Шахматы как-то сразу все переменили в доме Куковякиных. Они вроде бы наполнили их жизнь смыслом. Но этого смысла оказалось больше, чем требовалось. Подобно тесту, за которым недосмотрели, смысл полез через край и безобразно заляпал все семейное гнездо.

Сенюшкина сдержала слово. Она поговорила со своим приятелем, и тот устроил Куковякина–младшего в шахматный кружок к одному гроссмейстеру, про которого все думали, что он умер еще до войны.

Теперь Роберт два раза в неделю ездил в клуб картонажников, а в остальное время сидел дома и разучивал дебюты. Отец составил для него распорядок дня, где все было расписано по часам и по минутам: прогулка, еда, уроки. Все остальное время отводилось шахматам.

С утра, на свежую голову, Роберт разбирал какую-нибудь классическую партию. После школы, если не было занятий в кружке, зубрил теорию по справочникам, а на сон грядущий играл несколько партий с отцом.

Конечно, Куковякин-старший не мог тягаться на равных с восходящей звездой шахмат. Да он этого и не хотел. Ему только нужно было знать, все ли делает его отпрыск, чтобы стать тем, кем ему надлежало стать по замыслу отца. И поэтому он с остервенением хватался за те книги, которые сам доставал для сына.

Теперь он больше не наведывался в школу, чтобы беседовать с учителями, даже на родительские собрания посылал жену, зато частенько заглядывал в шахматный кружок при клубе картонажников, чтобы взглянуть, как там его парнишка, а заодно и поговорить с самим гроссмейстером. Старик, казалось, был доволен Куковякиным-младшим.

– Серьезный молодой человек, ничего не скажешь,– говорил он.– В его годы все такие шалопаи... Впрочем, поживем-увидим.

Весной проведем турнир, а там и первенство среди юношей в Киеве. Как знать, может быть, он туда поедет.

Это вселяло надежду, ибо Куковякин наивно считал, что, если все в руках, то непременно и в шляпе, хотя шляпы никогда не носил. Но, согласитесь, что, если человек сам кузнец своего счастья, то он будет последним дураком, коли не выкует себе счастье из всего, что только может захапать, если только ему не помешает это сделать другой кузнец.
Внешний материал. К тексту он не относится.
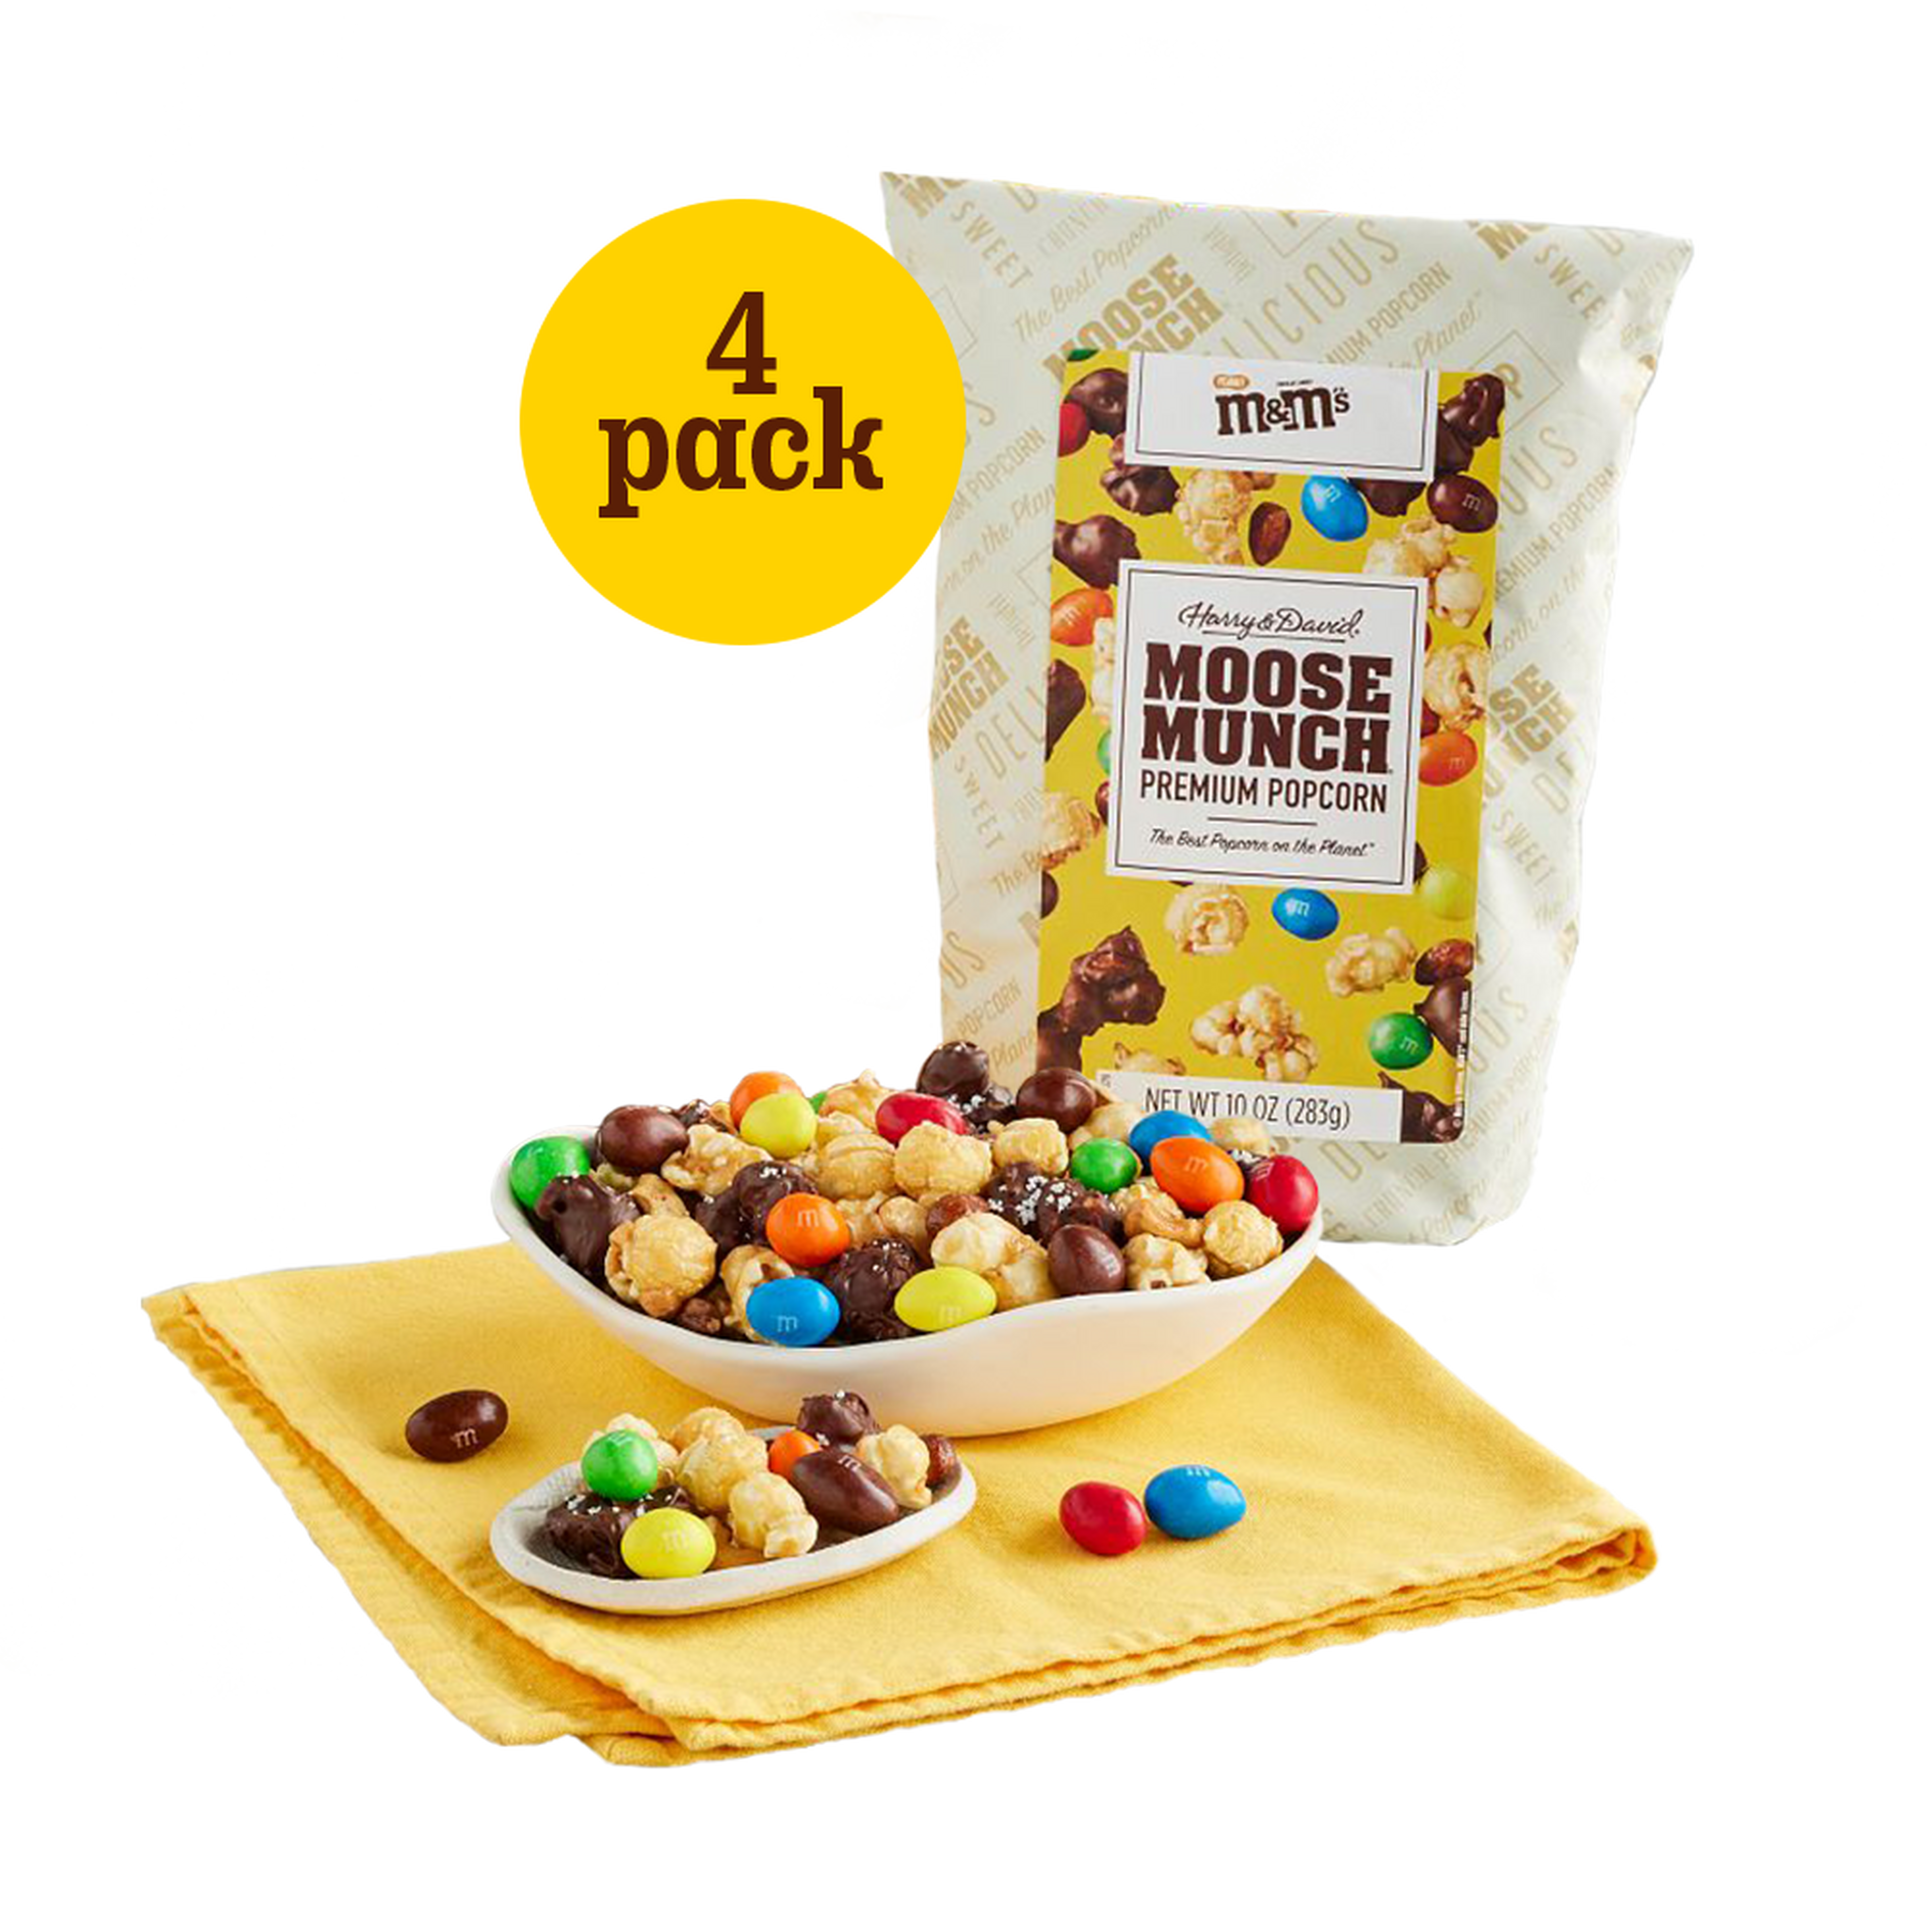 Moose Munch Premium Popcorn with Peanut M&M'S 4 Pack 1
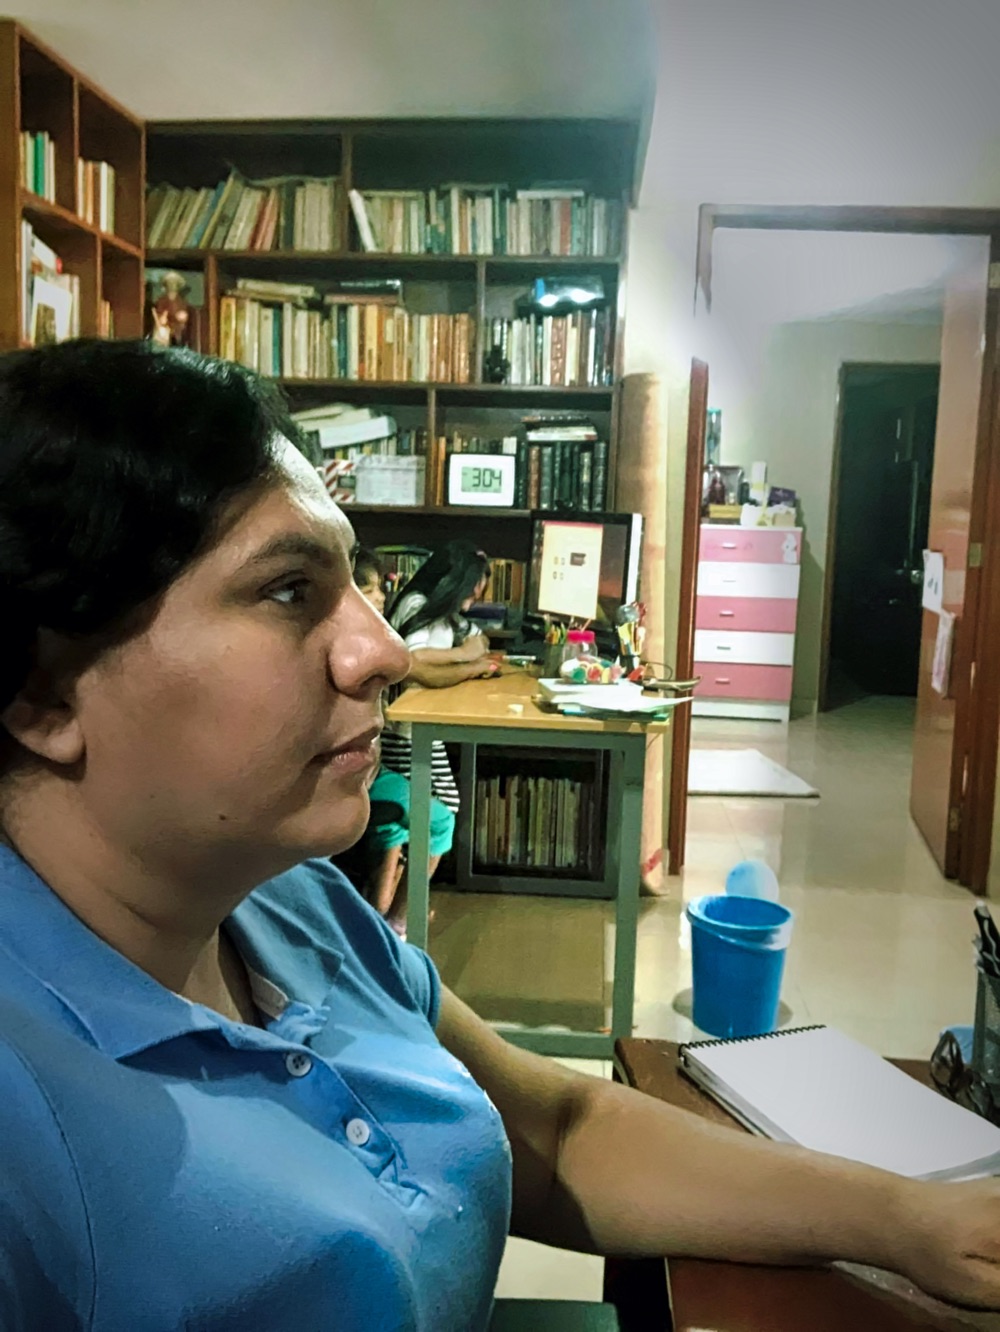 Olivia Leyva deler dagene sine hjemme mellom å undervise via Zoom, forskningsprosjekter og å følge opp datteren på seks år. Hun er ansatt ved instituttet for offentlig forvaltning ved Universidad Autonoma de Guerrero i Mexico. (Foto: privat)

Куковякин, казалось, делал все зависящее и даже независящее от него, чтобы сыну ничто не мешало стать гением. Он выселил Анжелку из комнаты Роберта и строго–настрого запретил ей входить туда. Правда, когда отца не было дома, она все равно туда ходила. У нее там даже были игрушки припрятаны. Она не понимала, почему ей нельзя заходить в бывшую свою комнату, но подозревала, что из-за того дядьки, который висел в рамке над кроватью брата. По вечерам, когда отец и брат уединялись в комнате, а ей ничего другого не оставалось, как только слоняться между кухней и спальней родителей, которая теперь была и ее спальней, ей удавалось заглянуть в дверную щелку, и, если она видела дядьку, то показывала ему кулак. Так ни в чем не повинный Капабланка стал предметом ненависти маленькой девочки.

Однако, как говорится, нет худа без добра. Теперь Анжелка каждый день ела засахаренные лимоны. Вообще–то этим лакомством отец пичкал Роберта «для питания мозгов», но тот терпеть не мог кислятины. Он давился, кривился, и, как только никто не видел, скармливал лимоны сестренке.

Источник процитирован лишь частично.